**What the task requires:** Please output the data exactly, minus pictures.

**Raw data:**

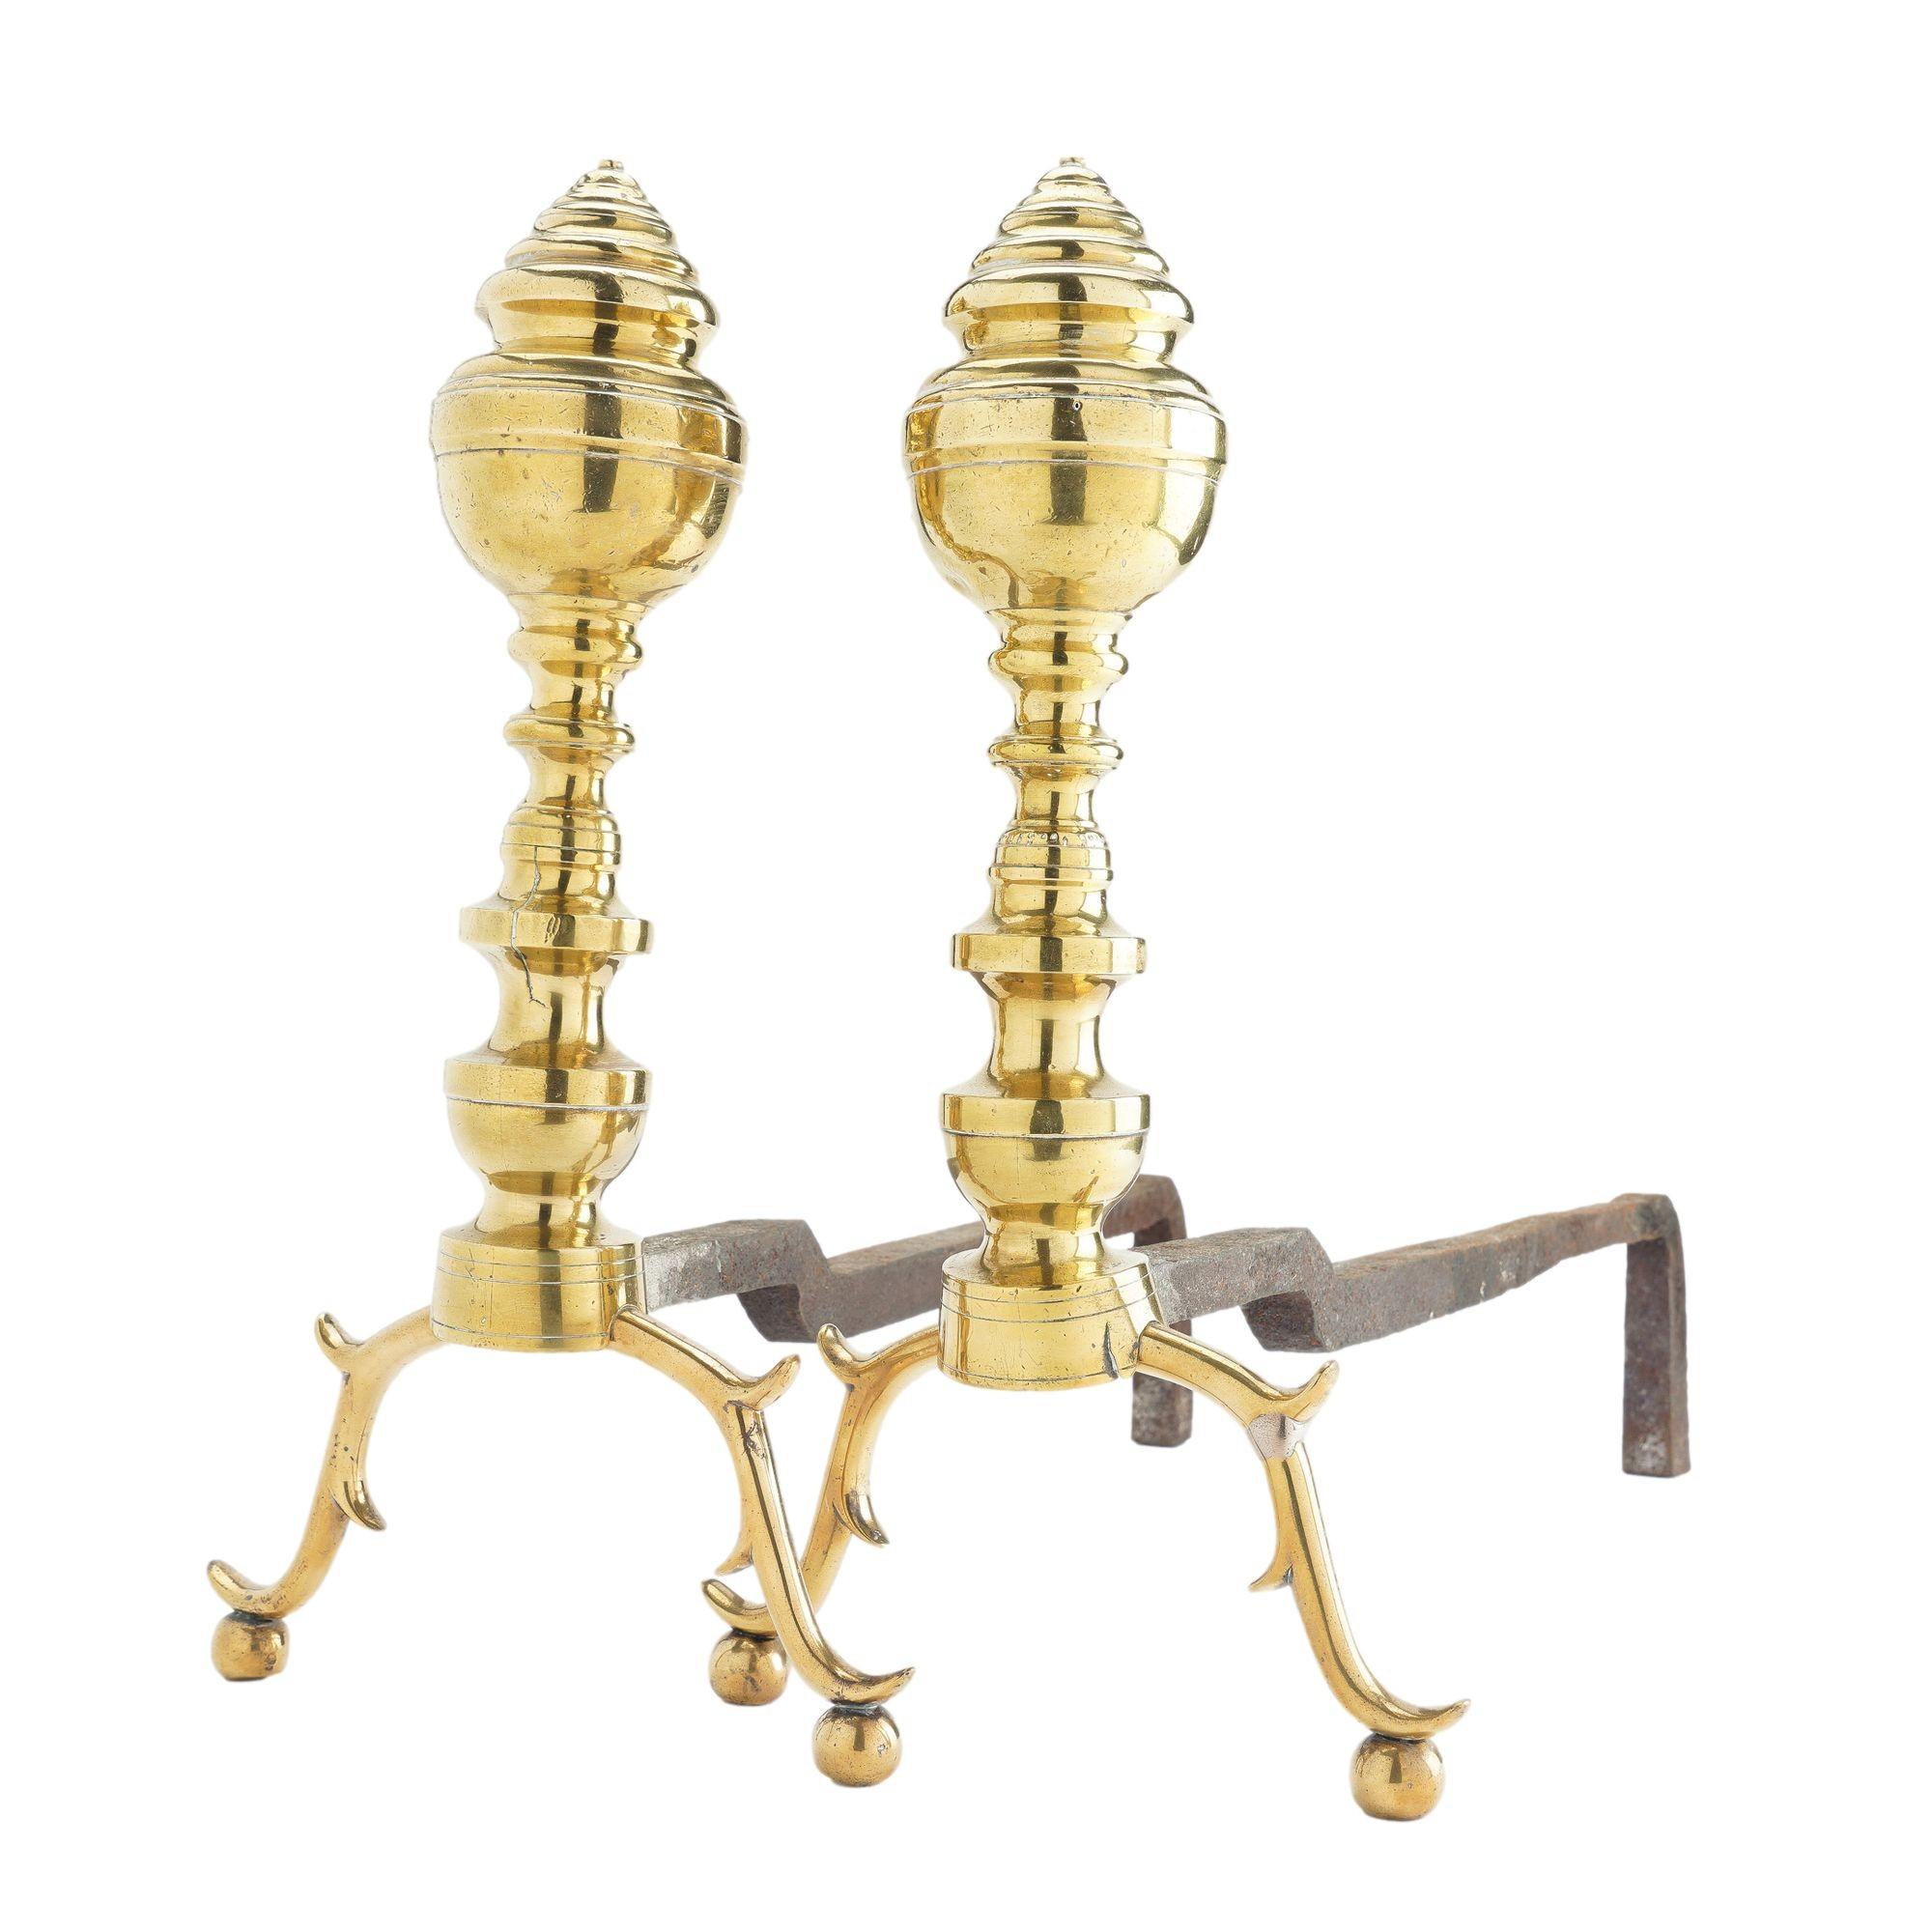 Pair of generously proportioned American cast brass beehive andirons with arched spur legs on ball feet. The brass castings support a forged iron log rest.

Boston, circa 1815-25.
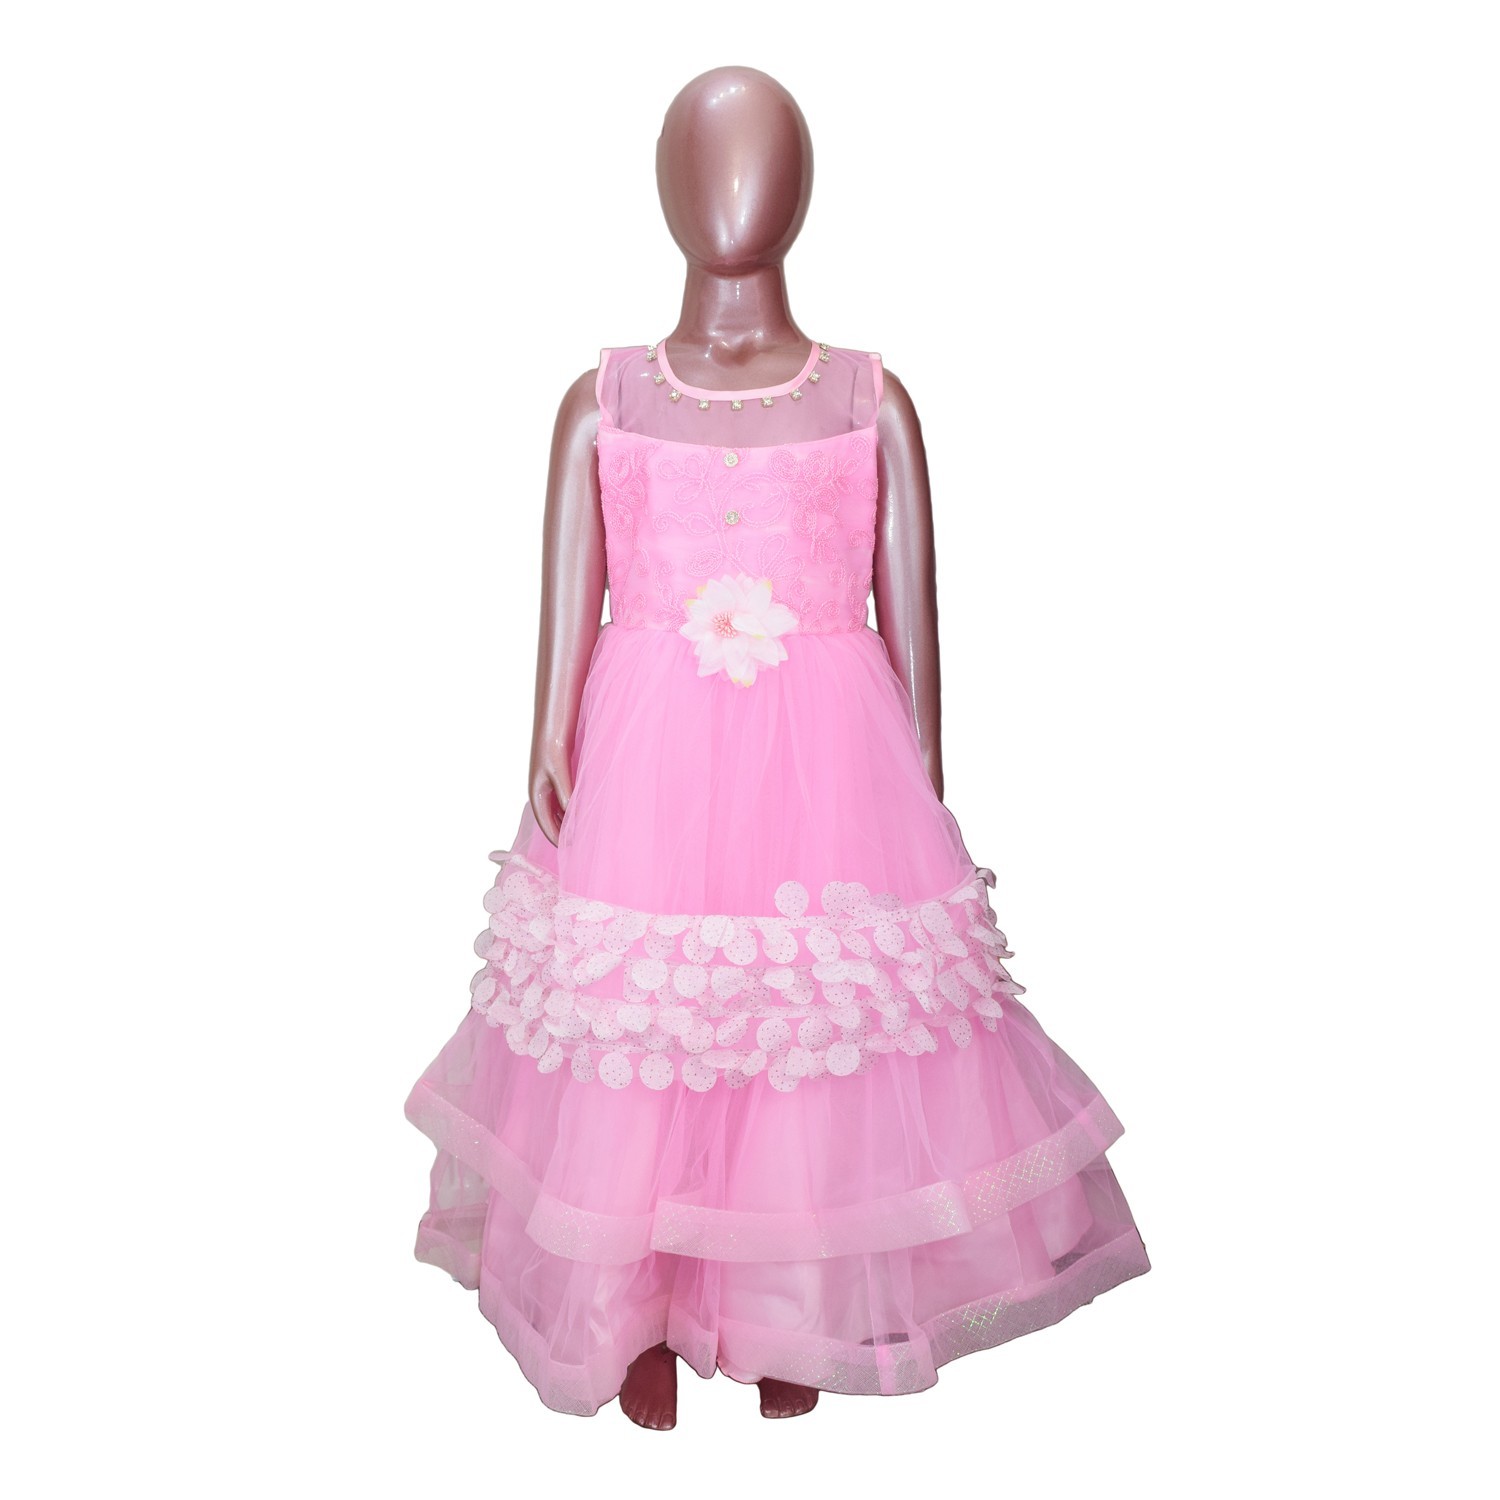 Kids Stylish Pink Sleeveless Party Dress Frock For Girls-DGA121 1

**Answer to the problem:**
 Pair of generously proportioned American cast brass beehive andirons with arched spur legs on ball feet. The brass castings support a forged iron log rest.

Boston, circa 1815-25.
 Kids Stylish Pink Sleeveless Party Dress Frock For Girls-DGA121 1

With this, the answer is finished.